BRIEF → As the answer, give exactly the lines of the records below from the one with "Fotos De Bosques" through the one with "Taco Bell se", ends included and pictures left out.

SUPPLIED RECORDS →
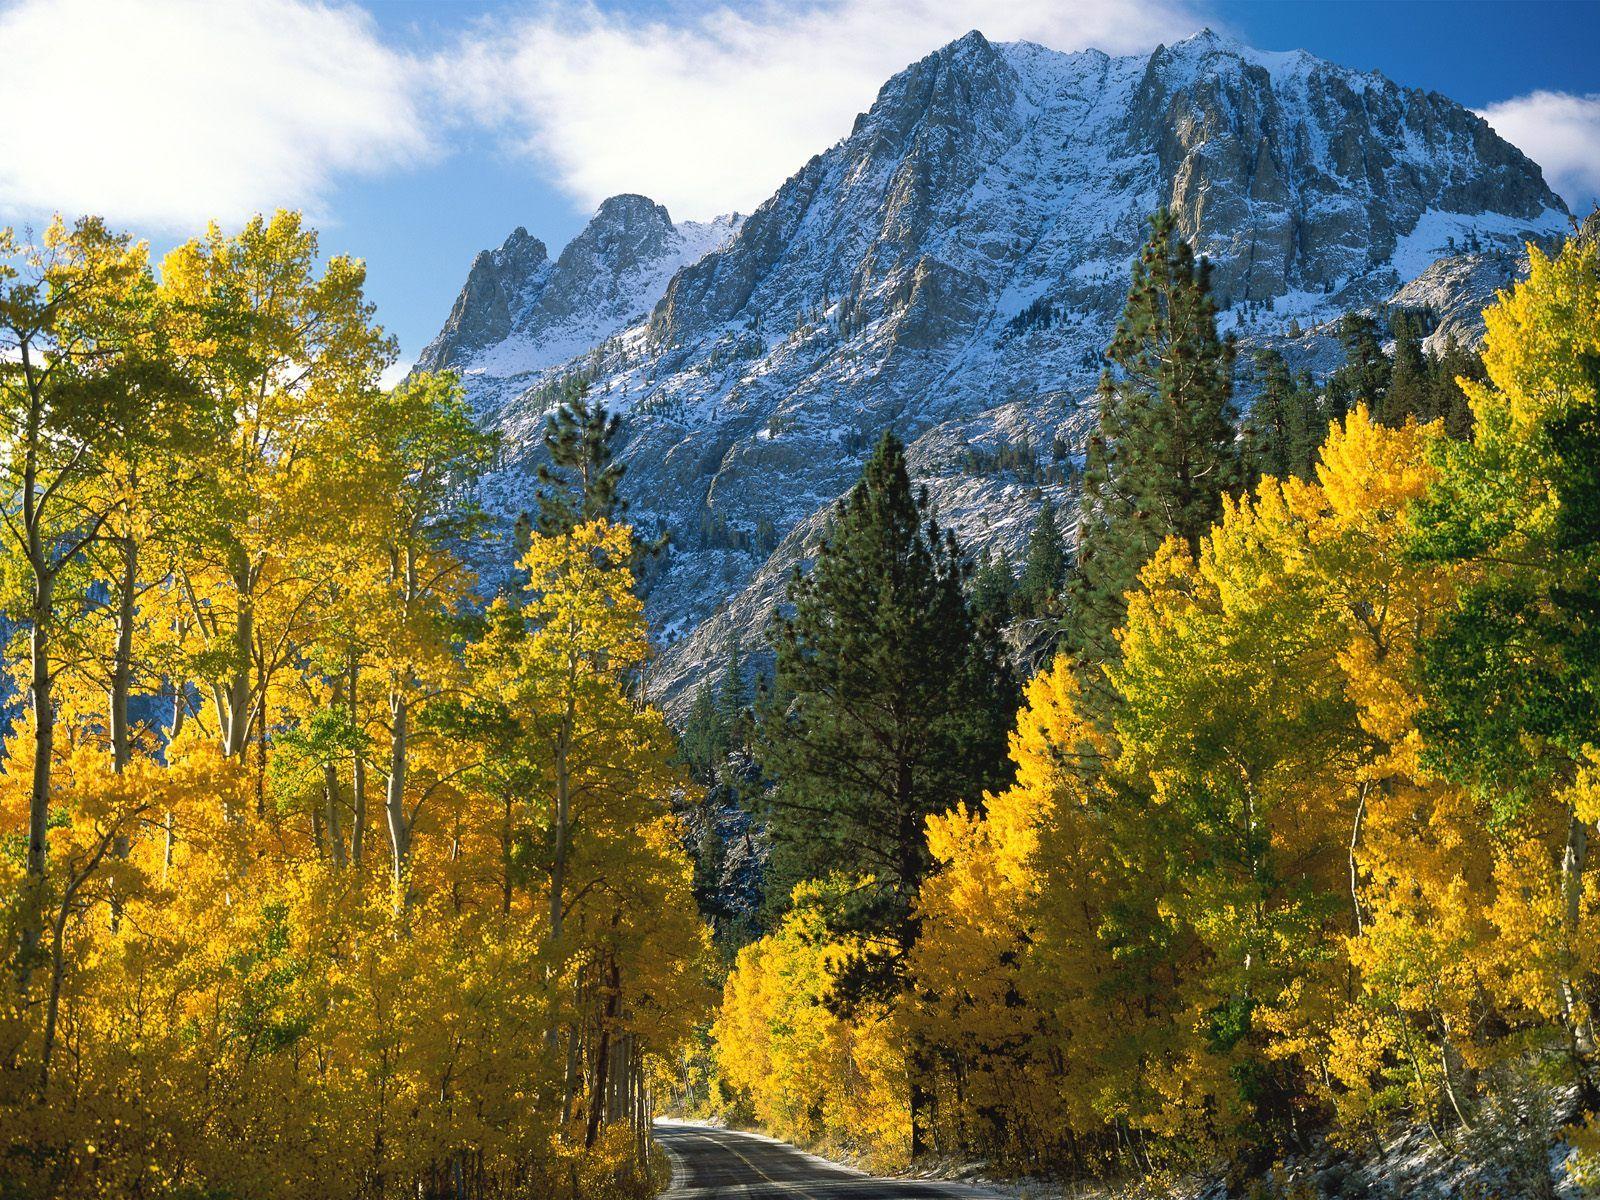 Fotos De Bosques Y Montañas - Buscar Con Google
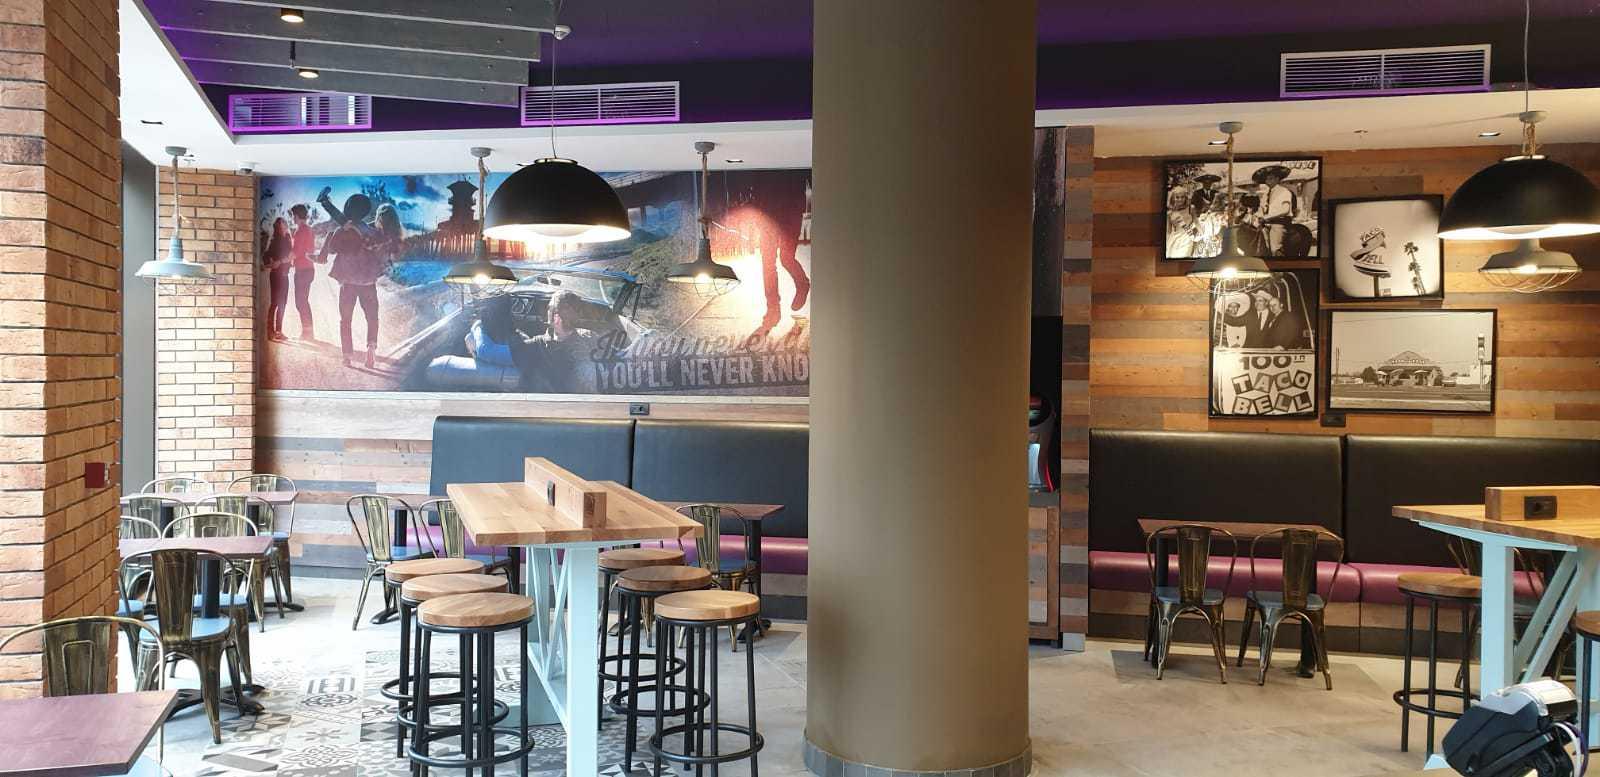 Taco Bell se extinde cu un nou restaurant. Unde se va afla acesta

* * *

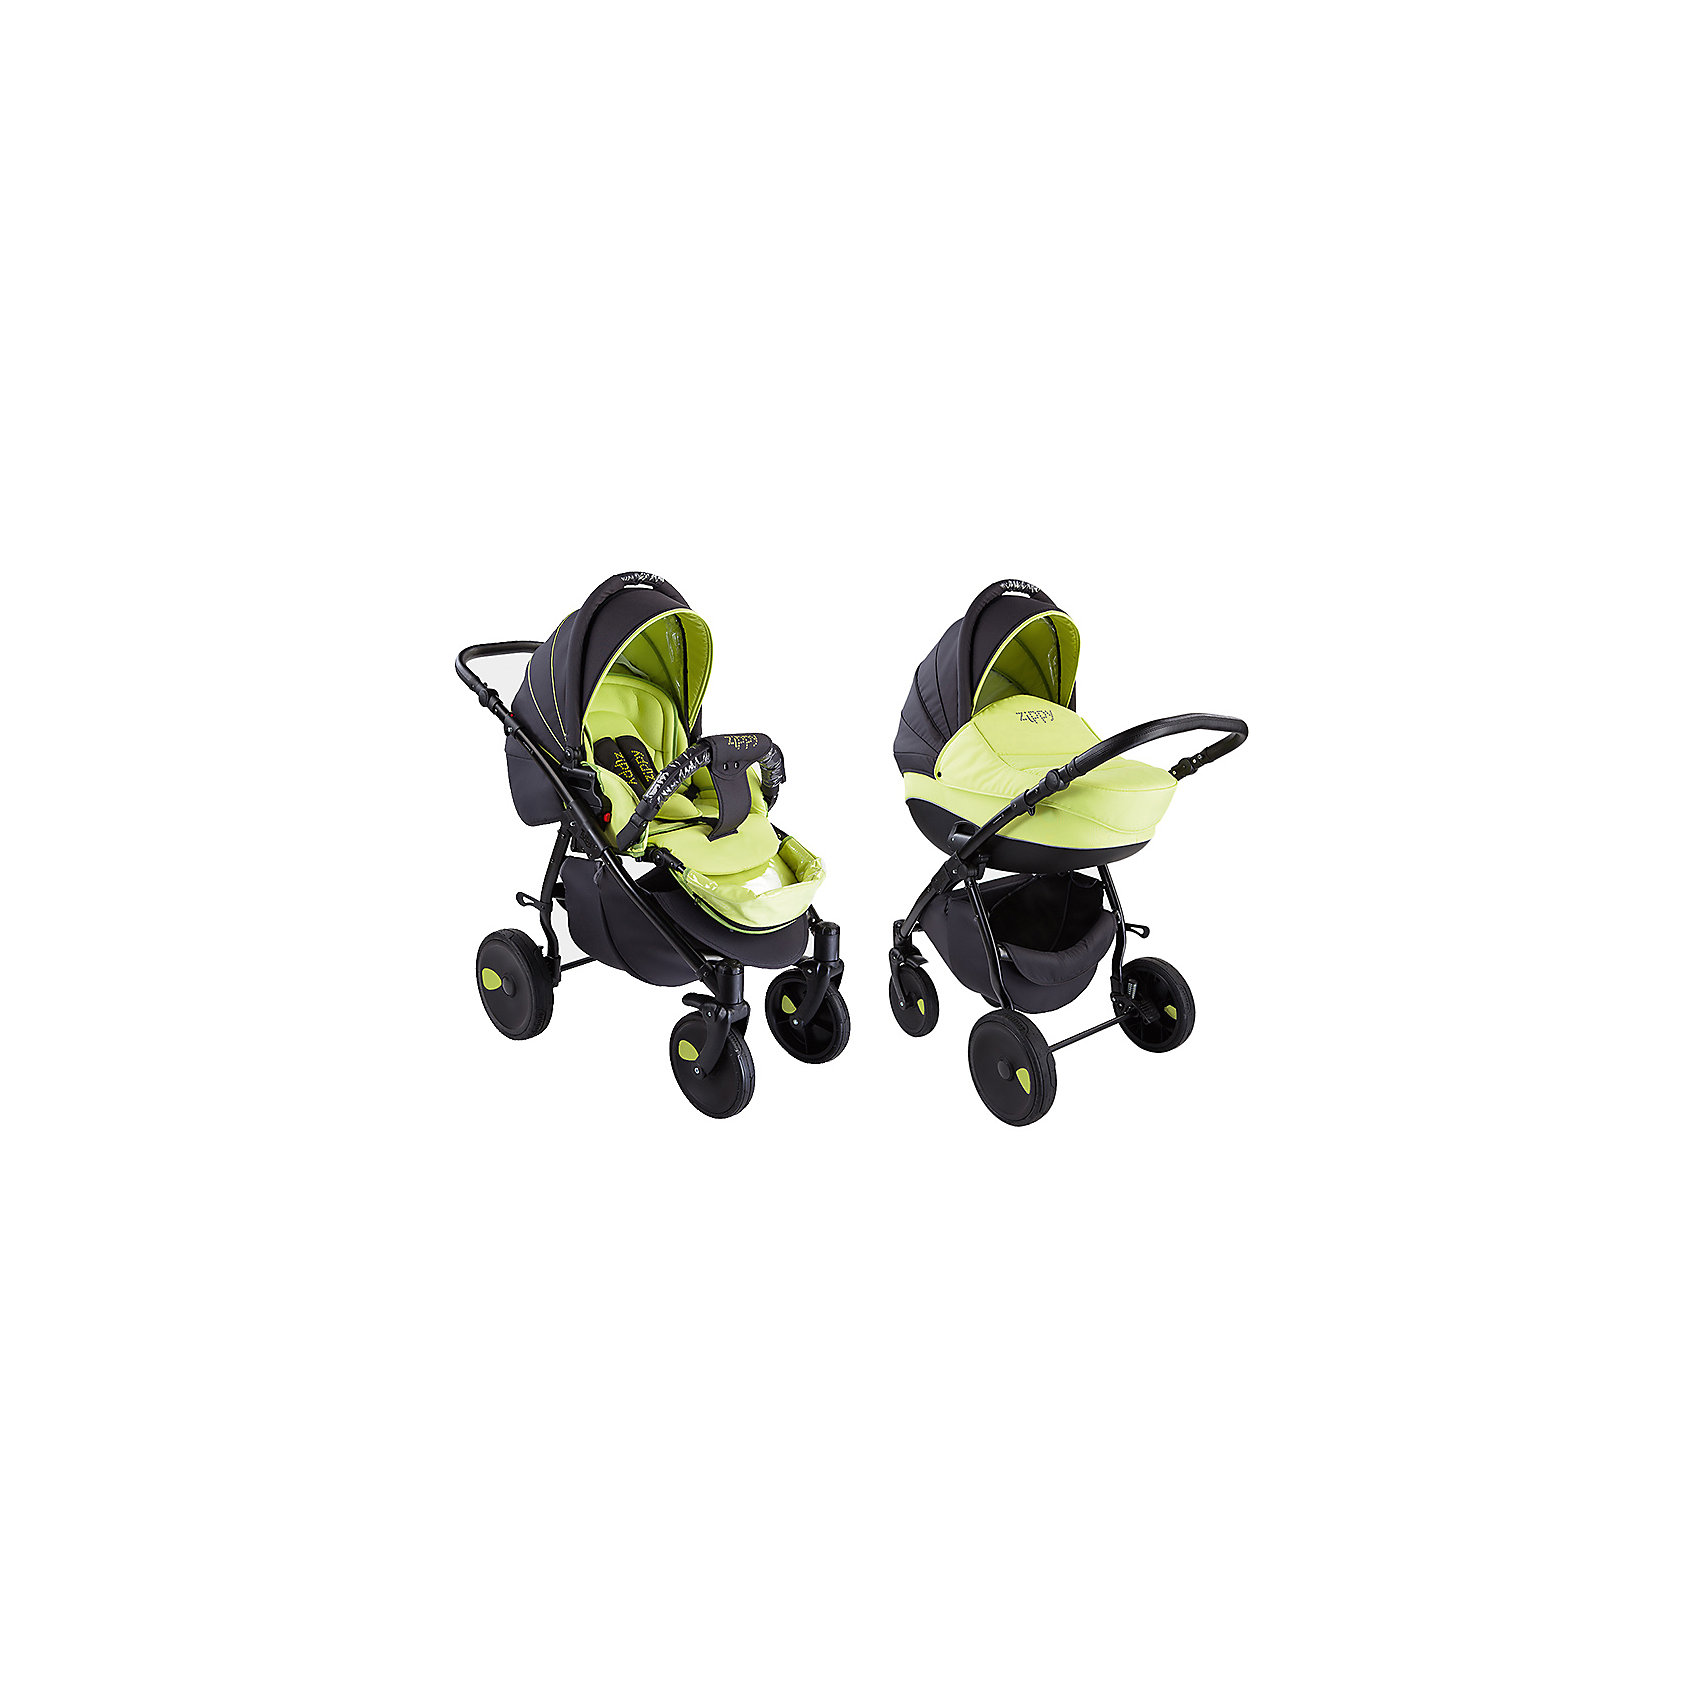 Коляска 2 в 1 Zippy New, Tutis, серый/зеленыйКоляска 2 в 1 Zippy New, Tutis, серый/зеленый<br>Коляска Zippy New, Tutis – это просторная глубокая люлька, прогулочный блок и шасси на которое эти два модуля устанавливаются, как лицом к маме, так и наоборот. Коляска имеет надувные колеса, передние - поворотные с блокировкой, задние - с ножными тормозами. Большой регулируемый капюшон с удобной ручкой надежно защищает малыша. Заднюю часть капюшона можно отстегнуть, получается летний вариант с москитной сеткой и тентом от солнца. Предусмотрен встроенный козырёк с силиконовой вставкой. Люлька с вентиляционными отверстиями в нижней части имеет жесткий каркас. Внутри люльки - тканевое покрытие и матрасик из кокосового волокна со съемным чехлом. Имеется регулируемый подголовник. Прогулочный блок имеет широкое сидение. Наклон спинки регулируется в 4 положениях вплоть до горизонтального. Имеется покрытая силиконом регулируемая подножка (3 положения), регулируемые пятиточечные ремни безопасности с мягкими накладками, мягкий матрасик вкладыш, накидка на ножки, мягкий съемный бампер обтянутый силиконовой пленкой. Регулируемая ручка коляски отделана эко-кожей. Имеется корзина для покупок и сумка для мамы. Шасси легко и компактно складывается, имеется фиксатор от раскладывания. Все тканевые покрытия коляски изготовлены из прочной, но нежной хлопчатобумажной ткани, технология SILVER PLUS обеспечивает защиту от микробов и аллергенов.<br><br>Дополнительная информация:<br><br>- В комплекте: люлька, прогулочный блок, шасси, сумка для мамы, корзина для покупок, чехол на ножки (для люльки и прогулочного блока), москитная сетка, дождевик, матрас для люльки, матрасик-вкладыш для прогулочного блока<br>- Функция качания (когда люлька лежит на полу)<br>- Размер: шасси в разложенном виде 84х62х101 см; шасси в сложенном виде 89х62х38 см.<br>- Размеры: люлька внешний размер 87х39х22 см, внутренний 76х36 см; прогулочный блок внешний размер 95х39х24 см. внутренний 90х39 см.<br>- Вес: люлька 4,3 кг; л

SOLVED EXERCISE →
 Fotos De Bosques Y Montañas - Buscar Con Google
 Taco Bell se extinde cu un nou restaurant. Unde se va afla acesta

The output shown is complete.